Given data:
☆ ☆ ☆

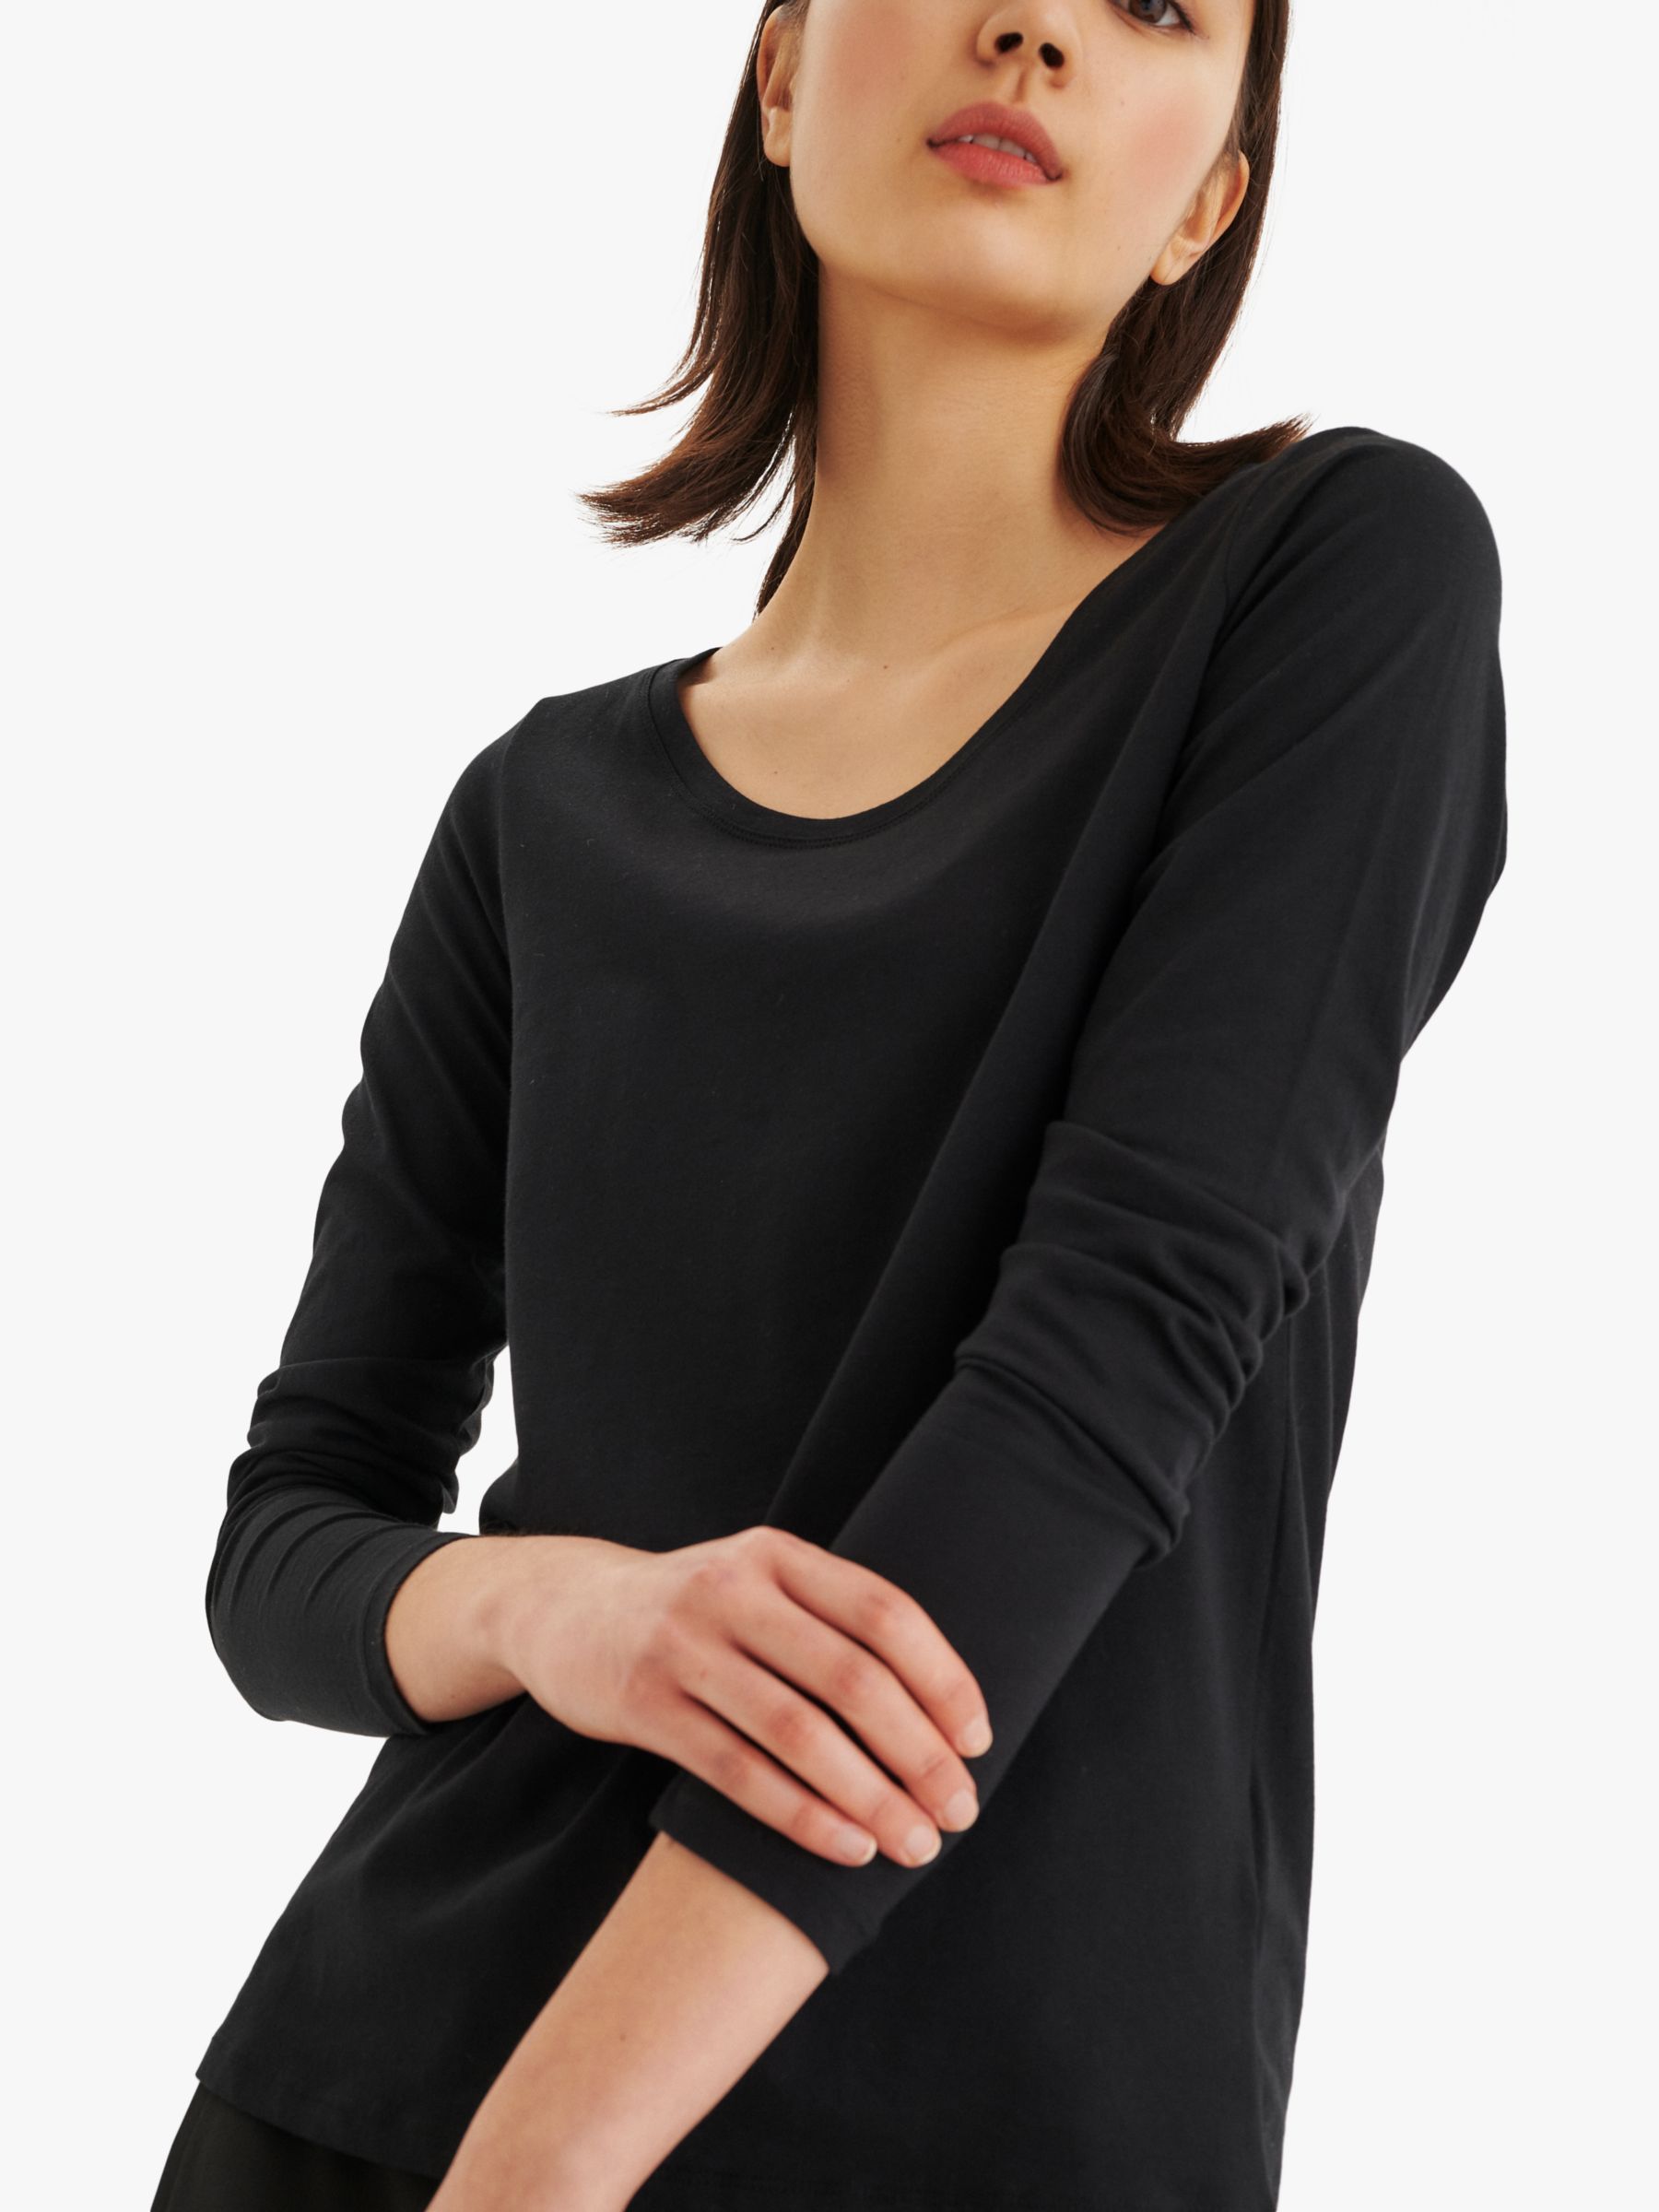 Футболка с длинным рукавом InWear Rena, черная футболка базовая rena v inwear цвет black
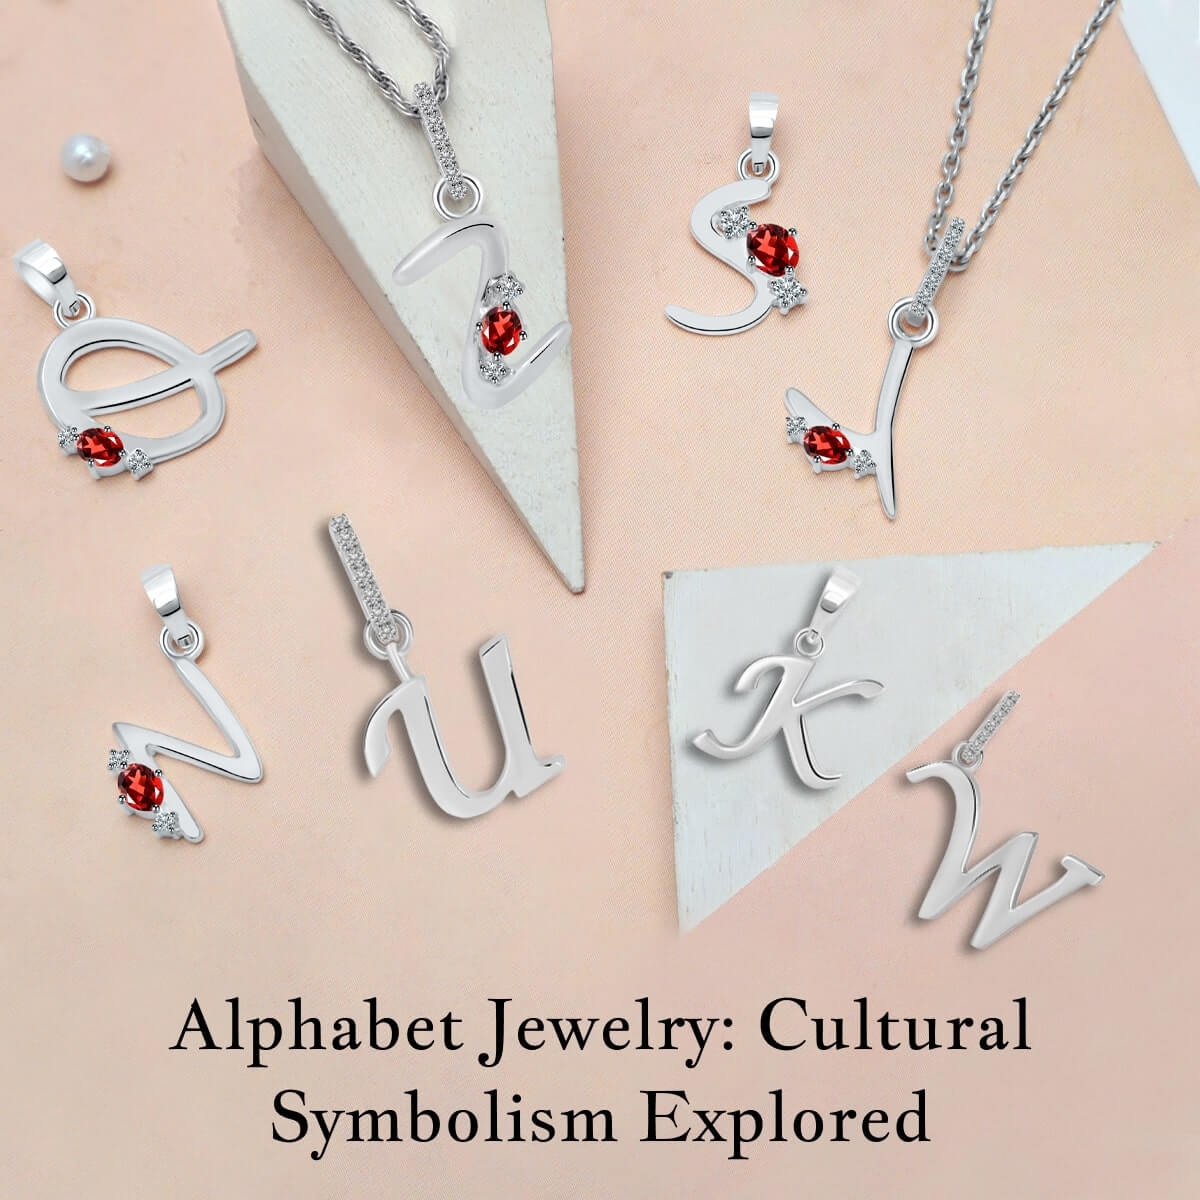 benefits of Alphabet Jewelry
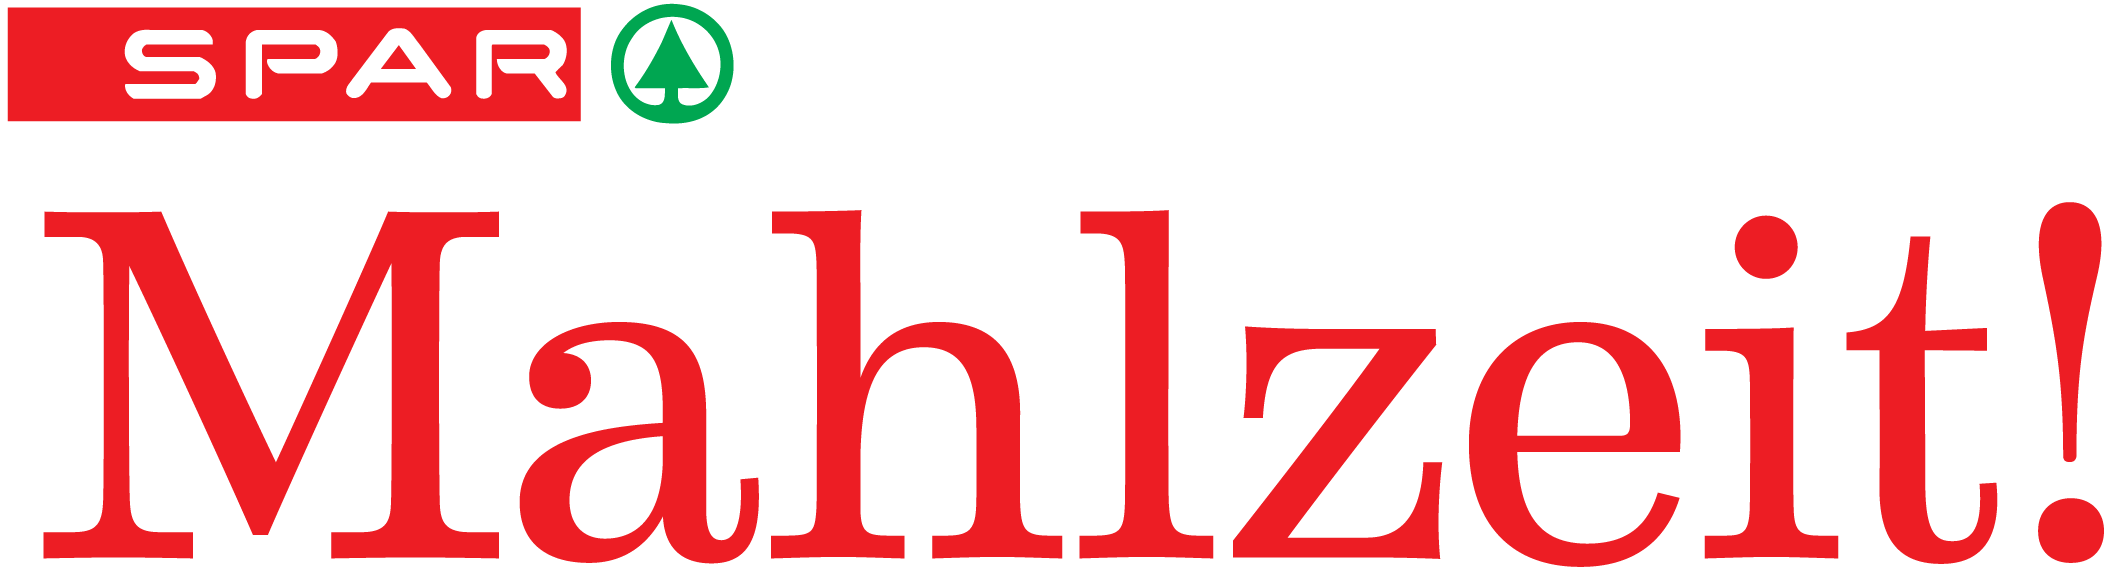 SPAR Mahlzeit!, Logo, rot, großes SPAR Logo
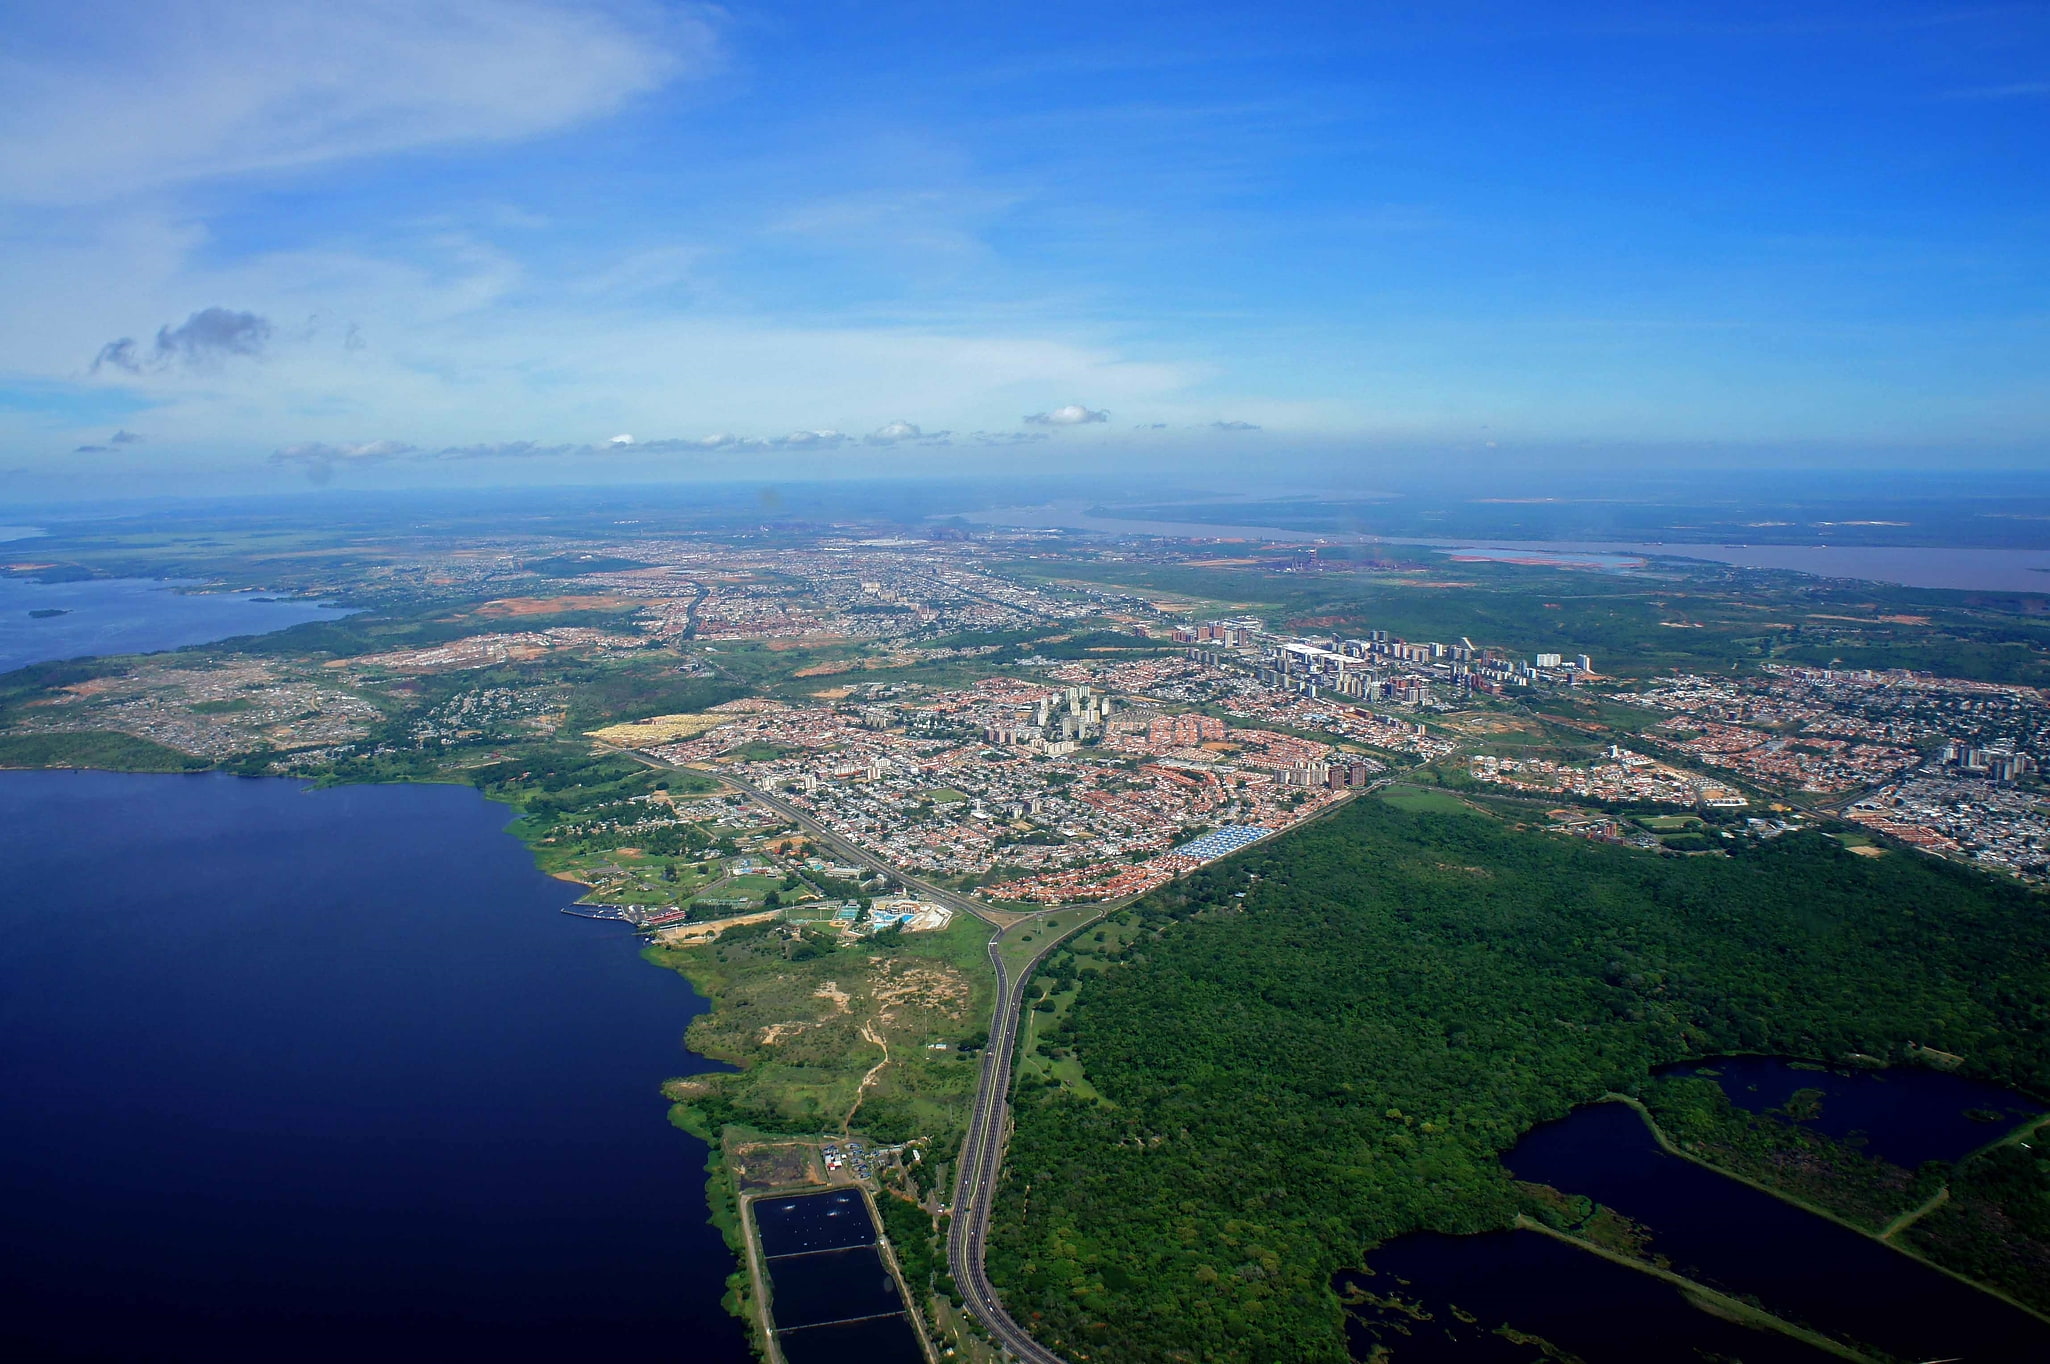 Ciudad Guayana, Venezuela

☆ ☆ ☆

What needs to be done: Could you copy exactly, and with no pictures, the lines above from the one containing "benefits of Alphabet Jewelry" through the last line, both included?

Result of the exercise:
 benefits of Alphabet Jewelry
 SPAR Mahlzeit!, Logo, rot, großes SPAR Logo
 Ciudad Guayana, Venezuela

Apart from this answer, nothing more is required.